Ten Asian countries, including some developing countries in South-East Asia, have, as a bloc, caught up with the global leader in research and development (R&D) investment, the United States, according to a US report published in January 2012.

As in previous years, Congress is likely to delay action on the US budget. The specter of a severe across-the-board cut dangles over the government because of an act introduced last year that aims to chop $1.2 trillion from spending, starting in January 2013.

The National Institutes of Health (NIH) will have the same budget as before with no increase as had been planned.

The newly launched National Center for Advancing Translational Sciences (NCATS) in Bethesda will grow by 11%, to $639 million. Much of the rise goes to the Cures Acceleration Network, an effort to spur development of badly needed medicines through bold, multimillion-dollar grants.

Losers include the National Children’s Study, a long-term study of early influences on the health of more than a hundred thousand children, which received $194 million in 2012, but has been cut by $29 million; and the Institutional Development Award programme, aimed at developing research infrastructure in rural and underserved states, which loses nearly $48 million.

The flat-lined budget has drawn bleak appraisals from NIH advocates. "We are talking about a budget that is probably close to 20% smaller than it was a decade ago, adjusted for inflation," says David Moore, senior director for government relations at the Association of American Medical Colleges in Washington DC.

The outlook is even less favourable for the Centers for Disease Control and Prevention (CDC) in Atlanta, Georgia, which has had its budget cut by 12%, to make a total of 22% in cuts since 2010.

The White House continues to support a long-term doubling of budgets for physical-science agencies, including the National Science Foundation (NSF) in Arlington, Virginia; the Department of Energy’s Office of Science in Washington DC; and the National Institute of Standards and Technology (NIST) in Gaithersburg, Maryland. The doubling, relative to 2006, is a goal of the America COMPETES Act, introduced under former President George W. Bush that year, and signed into law in 2007.

The NSF emerges as a clear winner in Obama’s request, with a 5% boost to its bottom line.

The NIST also gets a large increase, much of which is aimed at advanced manufacturing, including both a robotics programme and a materials genome initiative that aims to speed up the development of new materials.

At NASA, the talk is of tough but sustainable choices for an agency that would receive $17.7 billion in 2013, $59 million less than in 2012. Its science budget drops by 3.2%, but planetary science bears the brunt of that, with a cut of 21%.

In Obama’s plan, spending on energy efficiency and renewable energy rises by $457 million, to $2.3 billion, with the largest increases targeting advanced manufacturing, and vehicle and building technologies.

Included in the package are increases for research in solar energy, bioenergy and fossil fuels, including $155 million for carbon capture and storage systems. But there are reductions and shifts as well: the budget for wind power remains unchanged but is allocated mainly to offshore technologies.
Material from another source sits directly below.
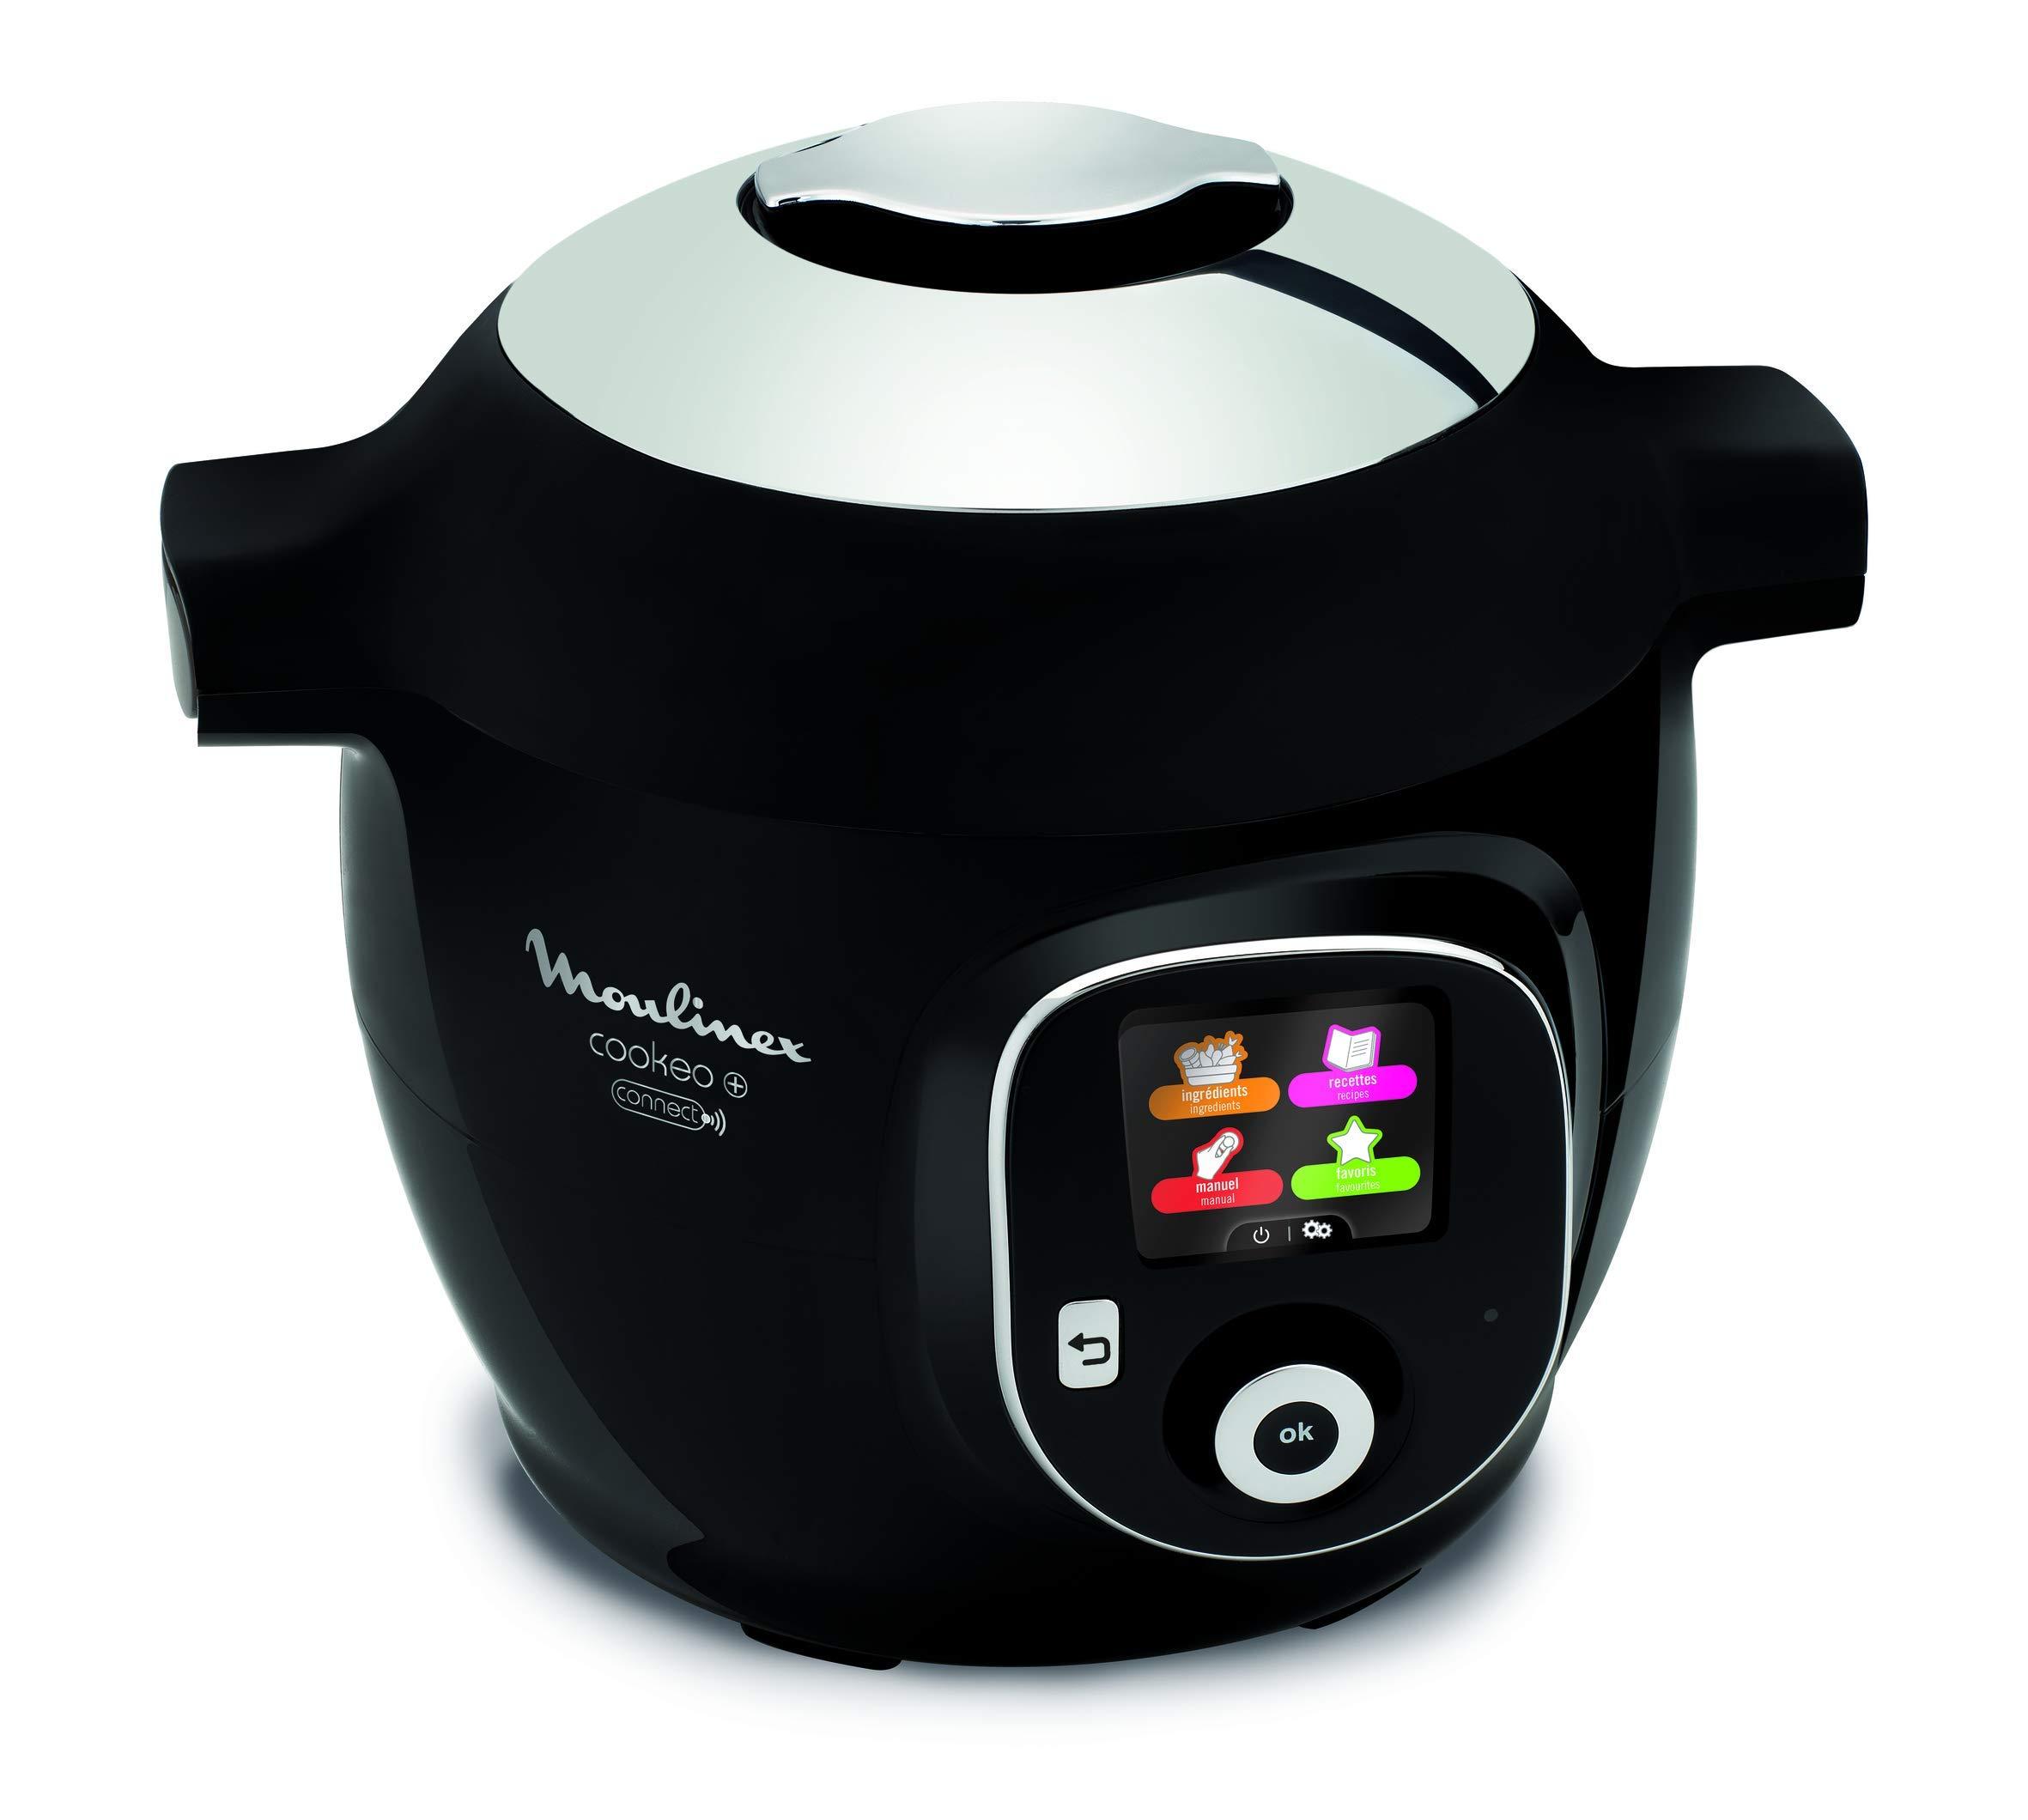 Moulinex Cookeo + Connect olla multi-cocción 6 L 1200 W Negro ...

Spending on nuclear energy continues an ongoing move toward small, modular reactors.

In what could be a third straight year of declining budgets for the US Environmental Protection Agency (EPA) in Washington DC, the agency’s funding has been slashed by 1%, to $8.3 billion, almost $2 billion less than in 2010. Nonetheless, funding for initiatives that target climate change and the environment rises slightly, to $807 million, protecting core science and regulatory efforts.
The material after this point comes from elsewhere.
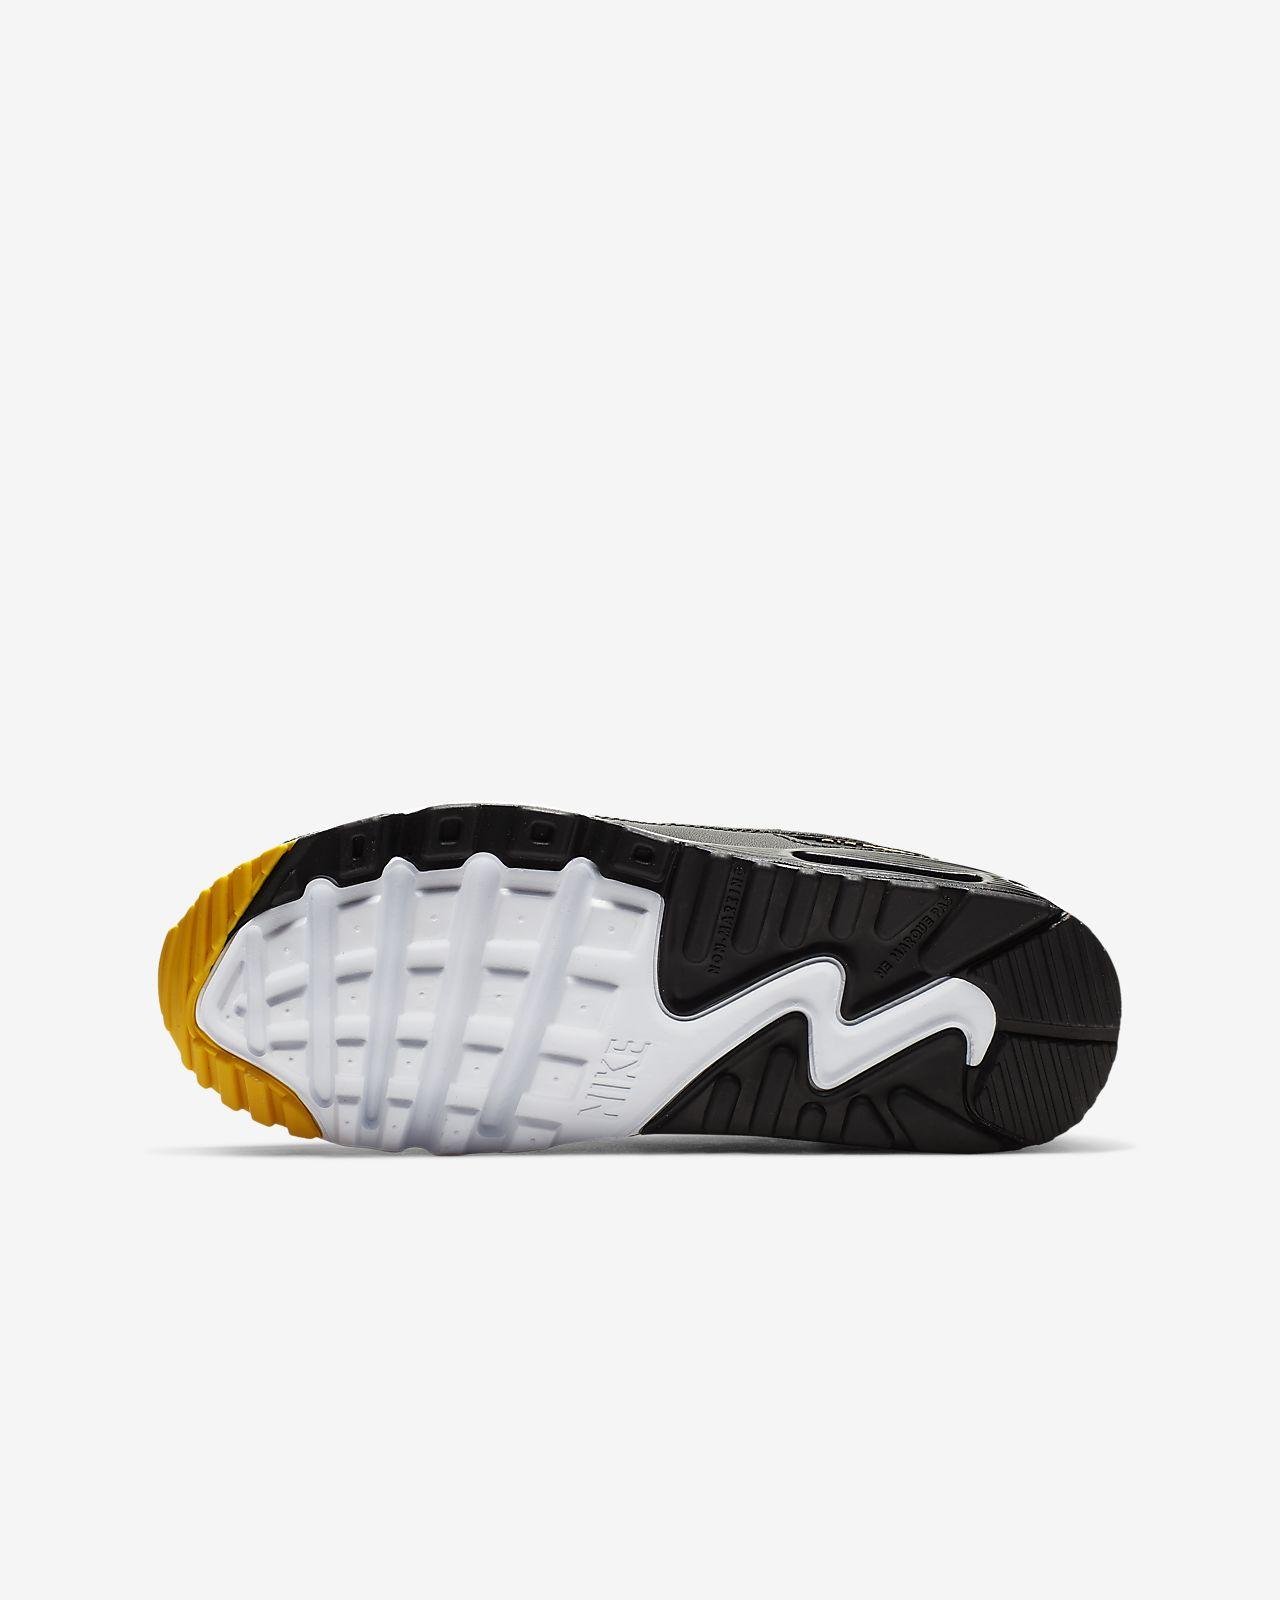 8c10c8c16ba05 Scarpa Nike Air Max 90 Mesh - Ragazzi. Nike.com IT

With a 3% rise for its overall budget, the US Geological Survey (USGS) in Reston, Virginia, fares better than most mission-oriented science agencies. The agency’s research and development portfolio expands from $675.5 million to $726.5 million. Part of the increase includes an extra $13 million for research on the effects of hydraulic fracturing, the process used by the oil and gas industry to squeeze hydrocarbons out of non-porous rock.

So as US science spending goes down others in the world are catching up. Long term this means more science learning but not necessarily in the US.